Algorithms work similarly: For the same amount of data they can sometimes be slow and sometimes fast. So to be able to compare different algorithms' time complexities, we usually look at the worst-case scenario using Big O notation.
Big O Explained Mathematically
Depending on your background in Mathematics, this section might be hard to understand. It is meant to create a more solid mathematical basis for those who need Big O explained more thoroughly.
If you do not understand this now, don't worry, you can come back later. And if the math here is way over your head, don't worry too much about it, you can still enjoy the different algorithms in this tutorial, learn how to program them, and understand how fast or slow they are.
In Mathematics, Big O notation is used to create an upper bound for a function, and in Computer Science, Big O notation is used to describe how the runtime of an algorithm increases when the number of data values \(n\) increase.
For example, consider the function:
\[f(n) = 0.5n^3 -0.75n^2+1 \]
The graph for the function \(f\) looks like this:
Consider another function:
\[g(n) = n^3 \]
Which we can draw like this:
Using Big O notation we can say that \(O(g(n))\) is an upper bound for \(f(n)\) because we can choose a constant \(C\) so that \(C \cdot g(n)>f(n)\) as long as \(n\) is big enough.
Ok, let's try. We choose \(C=0.75\) so that \(C \cdot g(n) = 0.75 \cdot n^3\).
Now let's draw \(0.75 \cdot g(n)\) and \(f(n)\) in the same plot:
We can see that \(O(g(n))=O(n^3)\) is the upper bound for \(f(n)\) because \(0.75 \cdot g(n) > f(n)\) for all \(n\) larger than 1.

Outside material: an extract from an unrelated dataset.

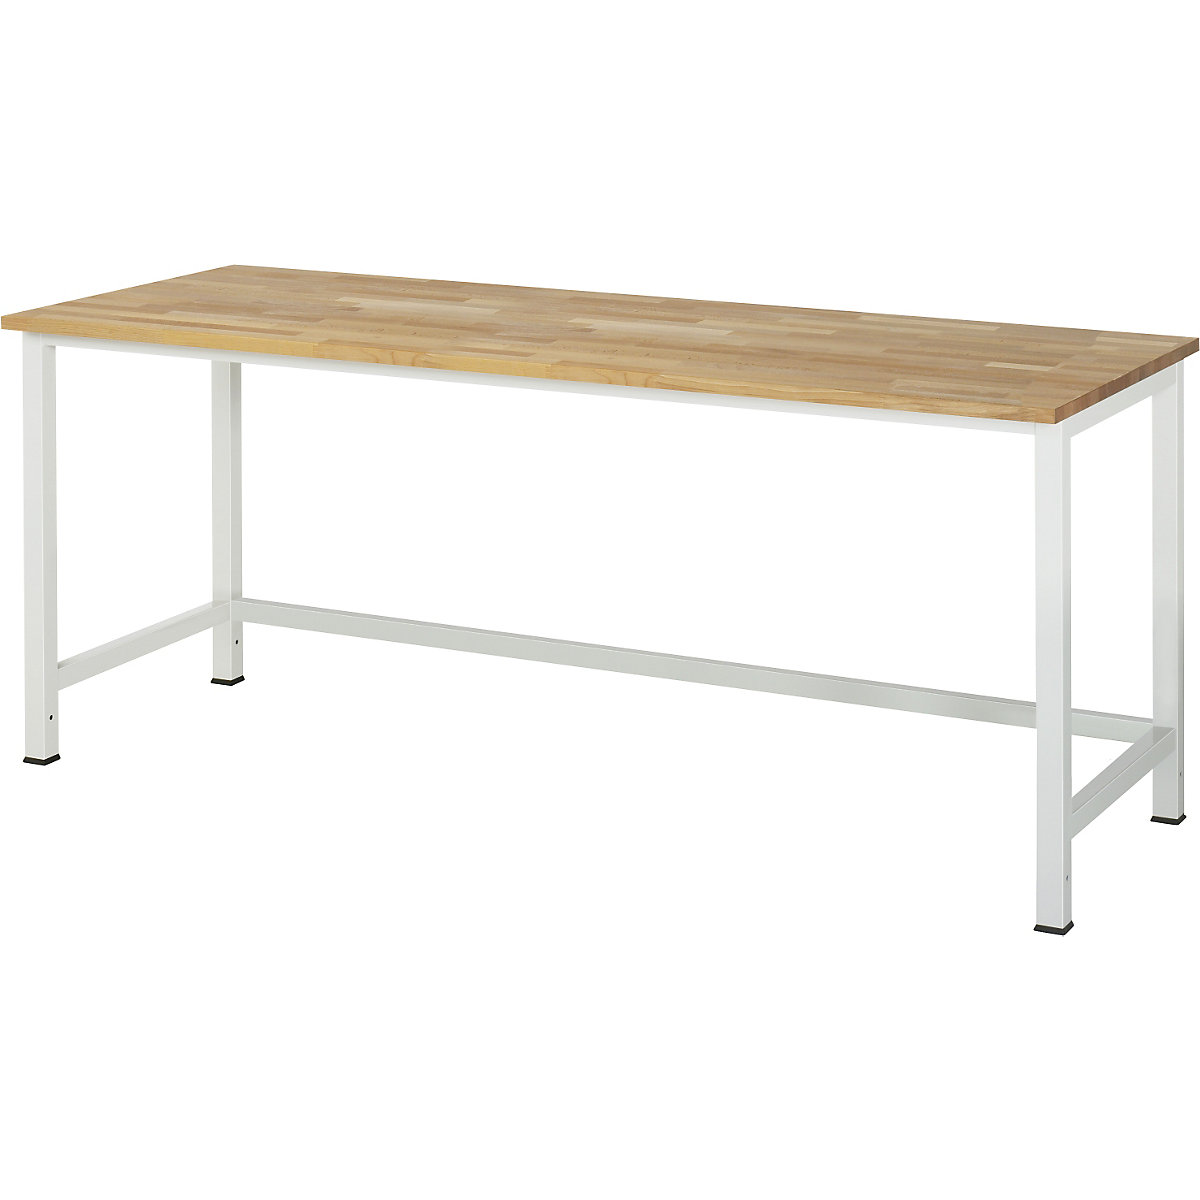 Work table for Series 900 workplace system – RAU, solid beech, width 2000 mm-6
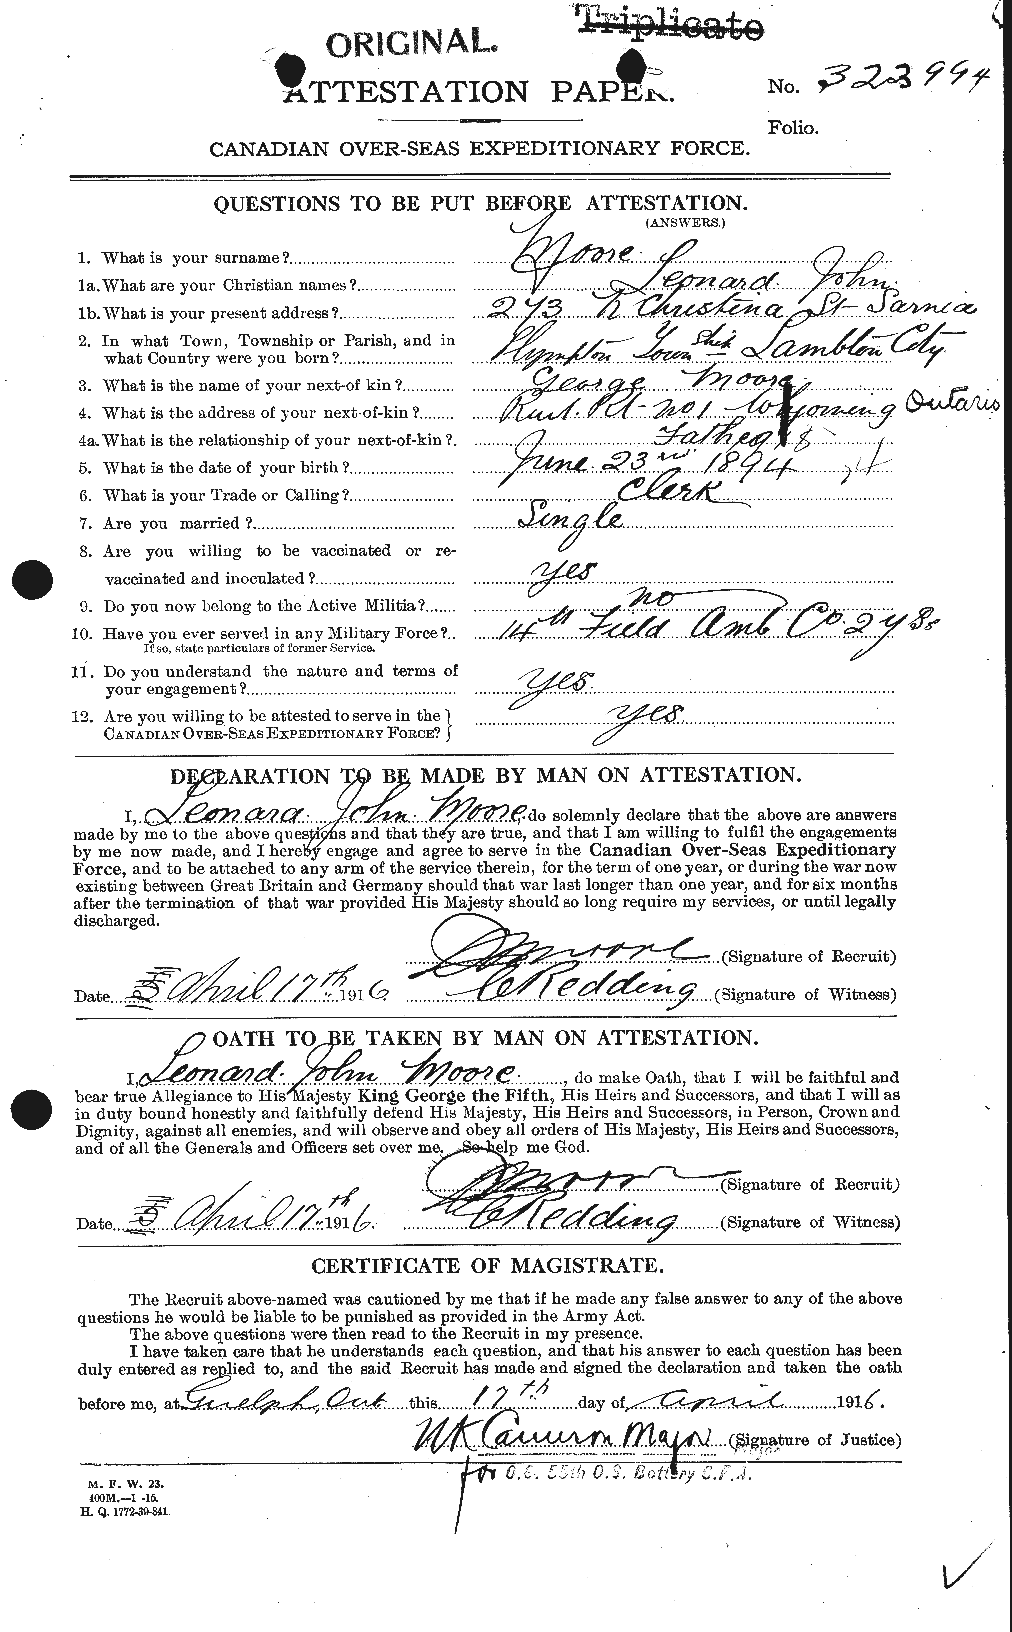 Personnel Records of the First World War - CEF 503405a

In the example above \(n\) must be larger than 1 for \(O(n^3)\) to be an upper bound. We call this limit \(n_0\).
Definition
Let \(f(n)\) and \(g(n)\) be two functions. We say that \(f(n)\) is \(O(g(n))\) if and only if there are positive constants \(C\) and \(n_0\) such that
\[ C \cdot g(n) > f(n) \]
for all \(n>n_0\).
When evaluating time complexity for an algorithm, it is ok that \(O()\) is only true for a large number of values \(n\), because that is when time complexity becomes important. To put it differently: if we are sorting, 10, 20 or 100 values, the time complexity for the algorithm is not so interesting, because the computer will sort the values in a short time anyway.